There are two major variants of DATA LIST
, which are fixed format
and free format. In addition, free format has a minor variant, list
format, which is discussed in terms of its differences from vanilla free
format.
Each form of DATA LIST
is described in detail below.
See GET DATA
for a command that offers
a few enhancements over DATA LIST and that may be substituted for DATA
LIST in many situations.
DATA LIST FIXED
DATA LIST [FIXED]
{TABLE,NOTABLE}
[FILE='FILE_NAME' [ENCODING='ENCODING']]
[RECORDS=RECORD_COUNT]
[END=END_VAR]
[SKIP=RECORD_COUNT]
/[line_no] VAR_SPEC...
where each VAR_SPEC takes one of the forms
VAR_LIST START-END [TYPE_SPEC]
VAR_LIST (FORTRAN_SPEC)
DATA LIST FIXED
is used to read data files that have values at
fixed positions on each line of single-line or multiline records. The
keyword FIXED
is optional.
The FILE
subcommand must be used if input is to be taken from an
external file. It may be used to specify a file name as a string or a
file handle. If the FILE
subcommand is not used, then input is assumed to be specified within
the command file using BEGIN DATA
...END DATA
.
The ENCODING
subcommand may only be used if the FILE
subcommand is
also used. It specifies the character encoding of the file. See
INSERT
, for information on supported
encodings.
The optional RECORDS
subcommand, which takes a single integer as an
argument, is used to specify the number of lines per record. If
RECORDS
is not specified, then the number of lines per record is
calculated from the list of variable specifications later in DATA LIST
.
The END
subcommand is only useful in conjunction with INPUT PROGRAM
.
The optional SKIP
subcommand specifies a number of records to skip
at the beginning of an input file. It can be used to skip over a row
that contains variable names, for example.
DATA LIST
can optionally output a table describing how the data
file is read. The TABLE
subcommand enables this output, and NOTABLE
disables it. The default is to output the table.

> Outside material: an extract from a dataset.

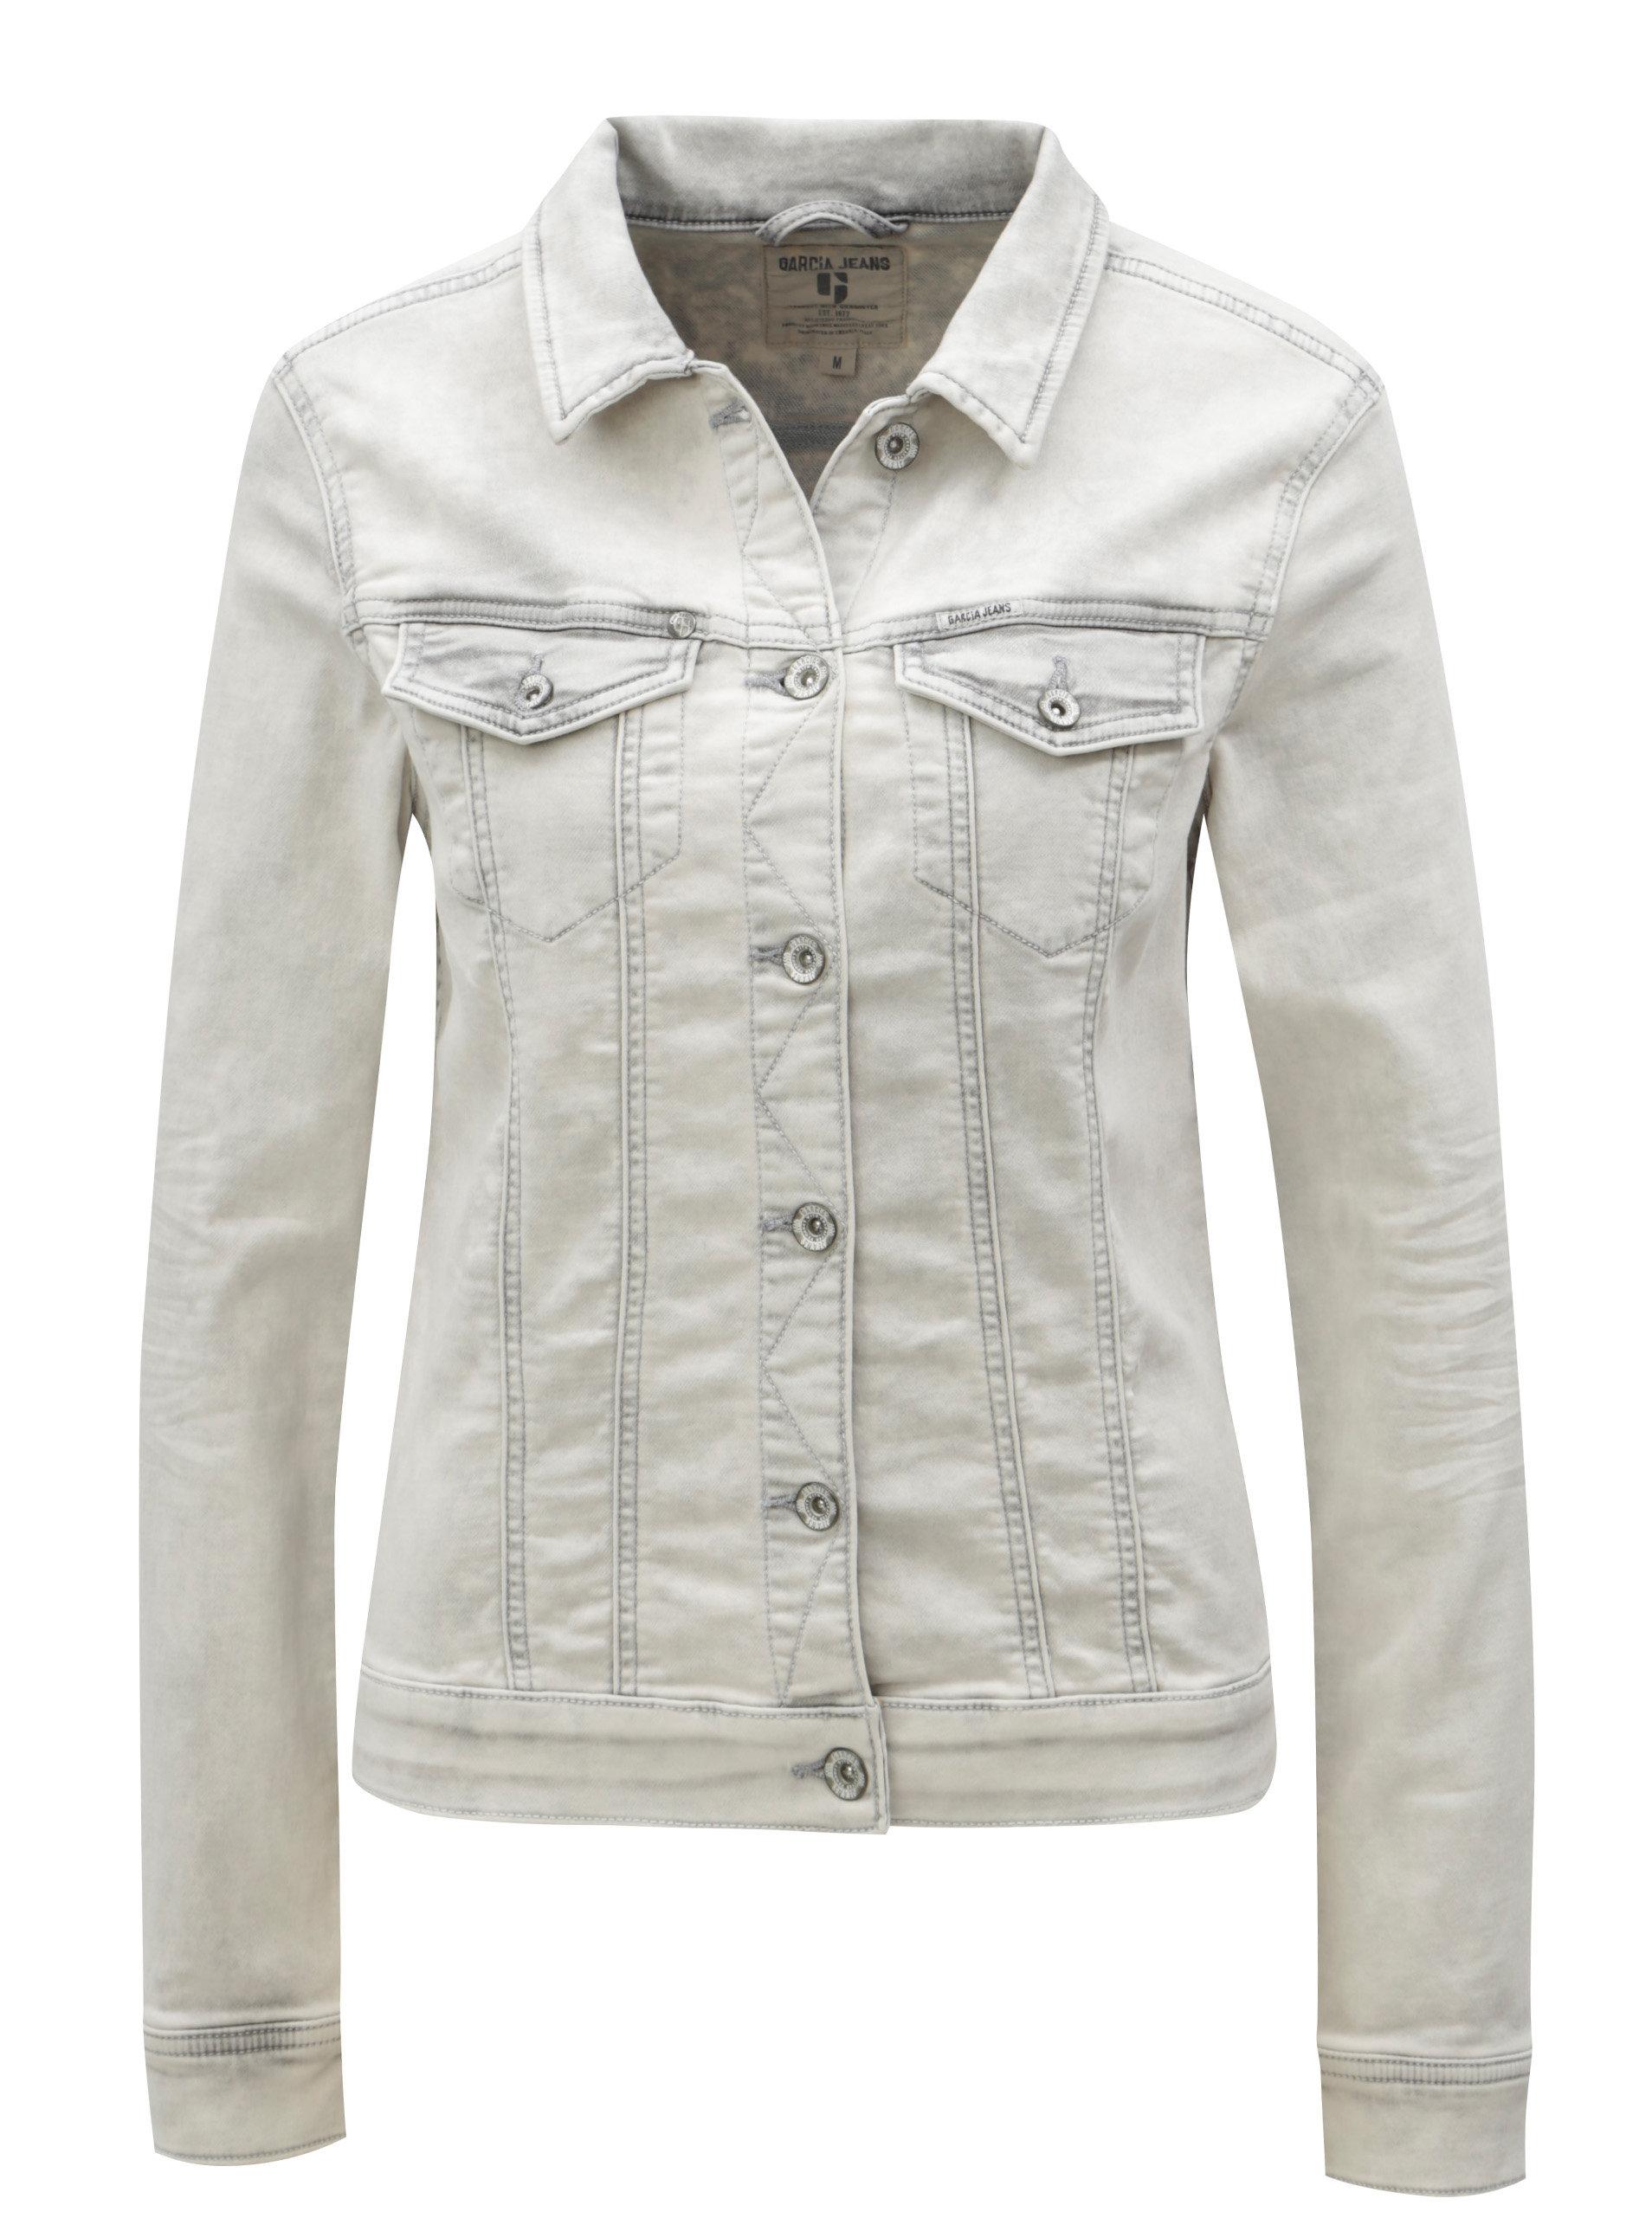 47b9f76eed Světle šedá dámská džínová bunda Garcia Jeans Sofia - SLEVA ...

The list of variables to be read from the data list must come last.
Each line in the data record is introduced by a slash (/
).
Optionally, a line number may follow the slash. Following, any number
of variable specifications may be present.

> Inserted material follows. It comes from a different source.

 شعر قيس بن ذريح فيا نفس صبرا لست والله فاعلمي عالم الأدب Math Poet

Each variable specification consists of a list of variable names
followed by a description of their location on the input line. Sets
of variables may be with
TO
, e.g. VAR1 TO VAR5
. There are two ways to specify the location
of the variable on the line: columnar style and FORTRAN style.
In columnar style, the starting column and ending column for the
field are specified after the variable name, separated by a dash
(-
). For instance, the third through fifth columns on a line would
be specified 3-5
. By default, variables are considered to be in
F
format. (Use SET FORMAT
to change the default.)
In columnar style, to use a variable format other than the default,
specify the format type in parentheses after the column numbers. For
instance, for alphanumeric A
format, use (A)
.
In addition, implied decimal places can be specified in parentheses
after the column numbers. As an example, suppose that a data file has a
field in which the characters 1234
should be interpreted as having the
value 12.34. Then this field has two implied decimal places, and the
corresponding specification would be (2)
. If a field that has implied
decimal places contains a decimal point, then the implied decimal places
are not applied.
Changing the variable format and adding implied decimal places can be
done together; for instance, (N,5)
.
When using columnar style, the input and output width of each variable is computed from the field width. The field width must be evenly divisible into the number of variables specified.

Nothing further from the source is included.